Data shown

#####

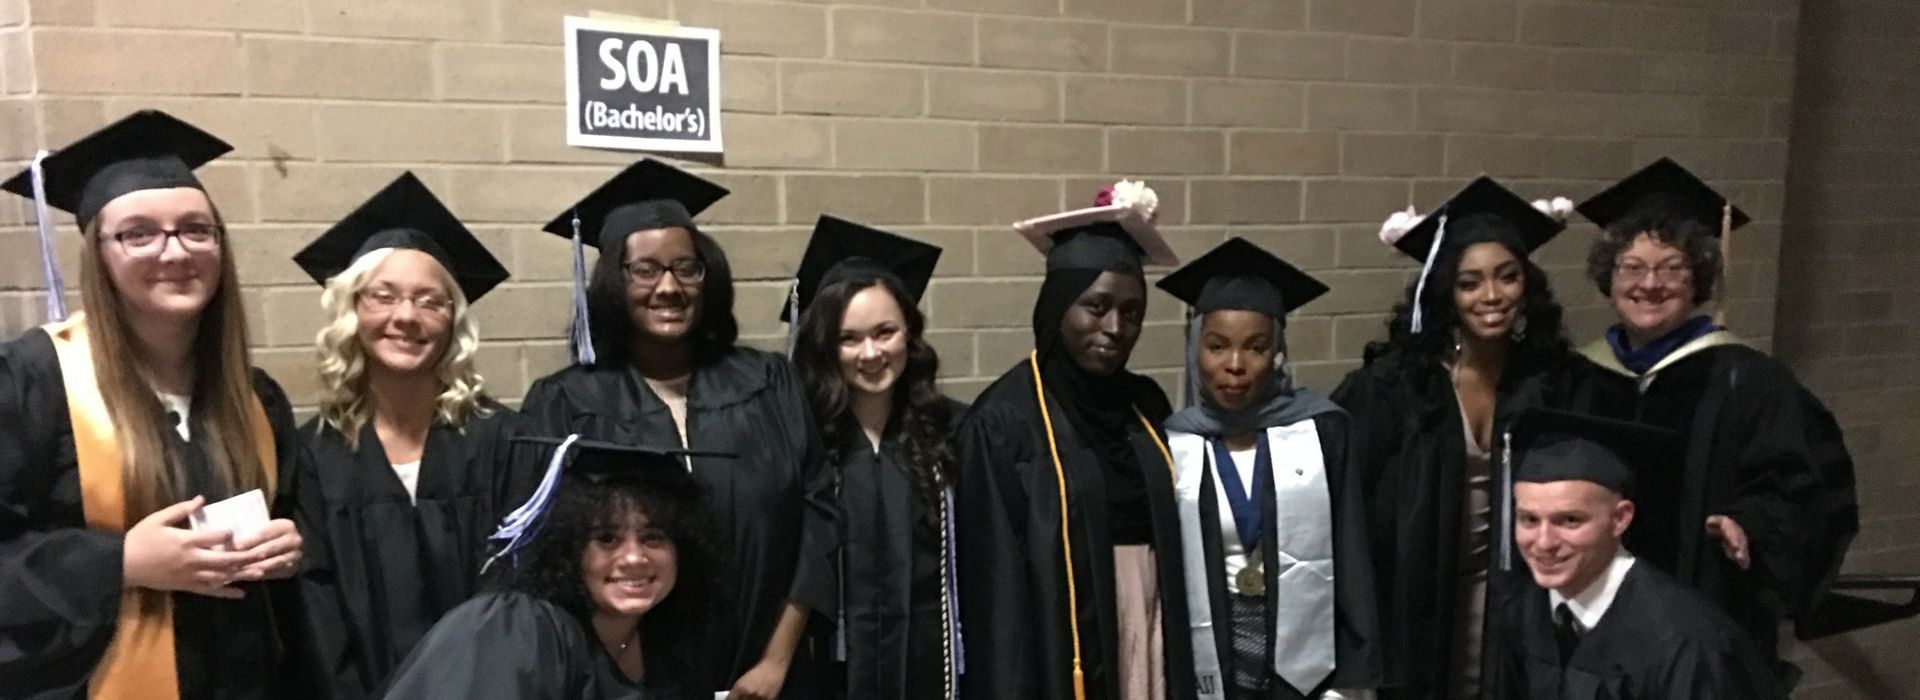 SOA graduates
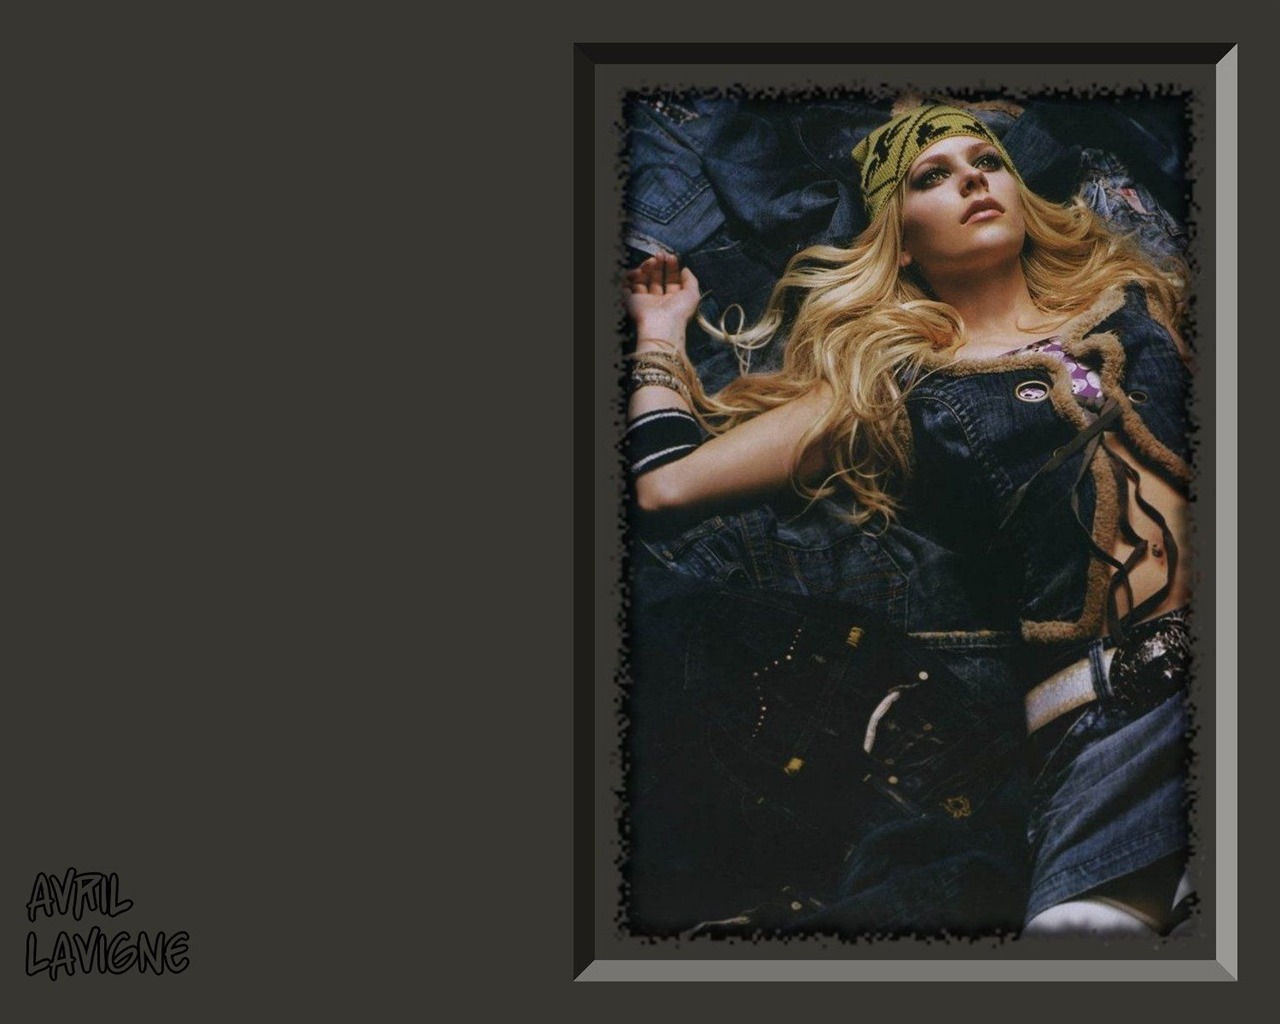 Avril Lavigne beau fond d'écran #23 - 1280x1024
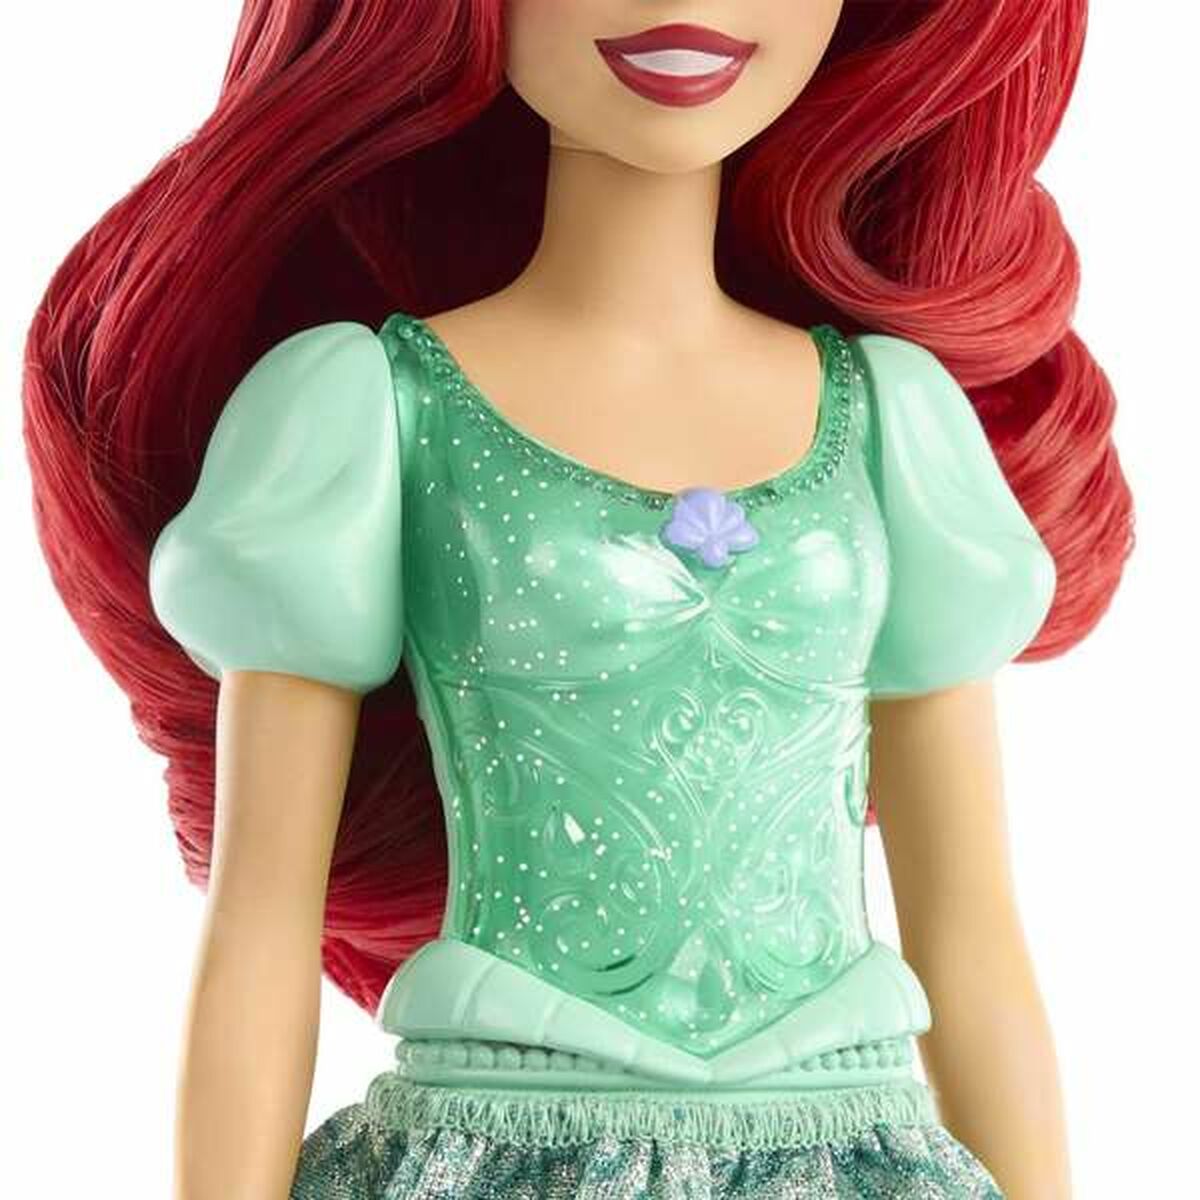 Bambola Disney Princess Ariel 29 cm - Disponibile in 3-4 giorni lavorativi

#####

What is needed
With the pictures left out, return the listing above exactly as it stands.

Your response
 SOA graduates
 Avril Lavigne beau fond d'écran #23 - 1280x1024
 Bambola Disney Princess Ariel 29 cm - Disponibile in 3-4 giorni lavorativi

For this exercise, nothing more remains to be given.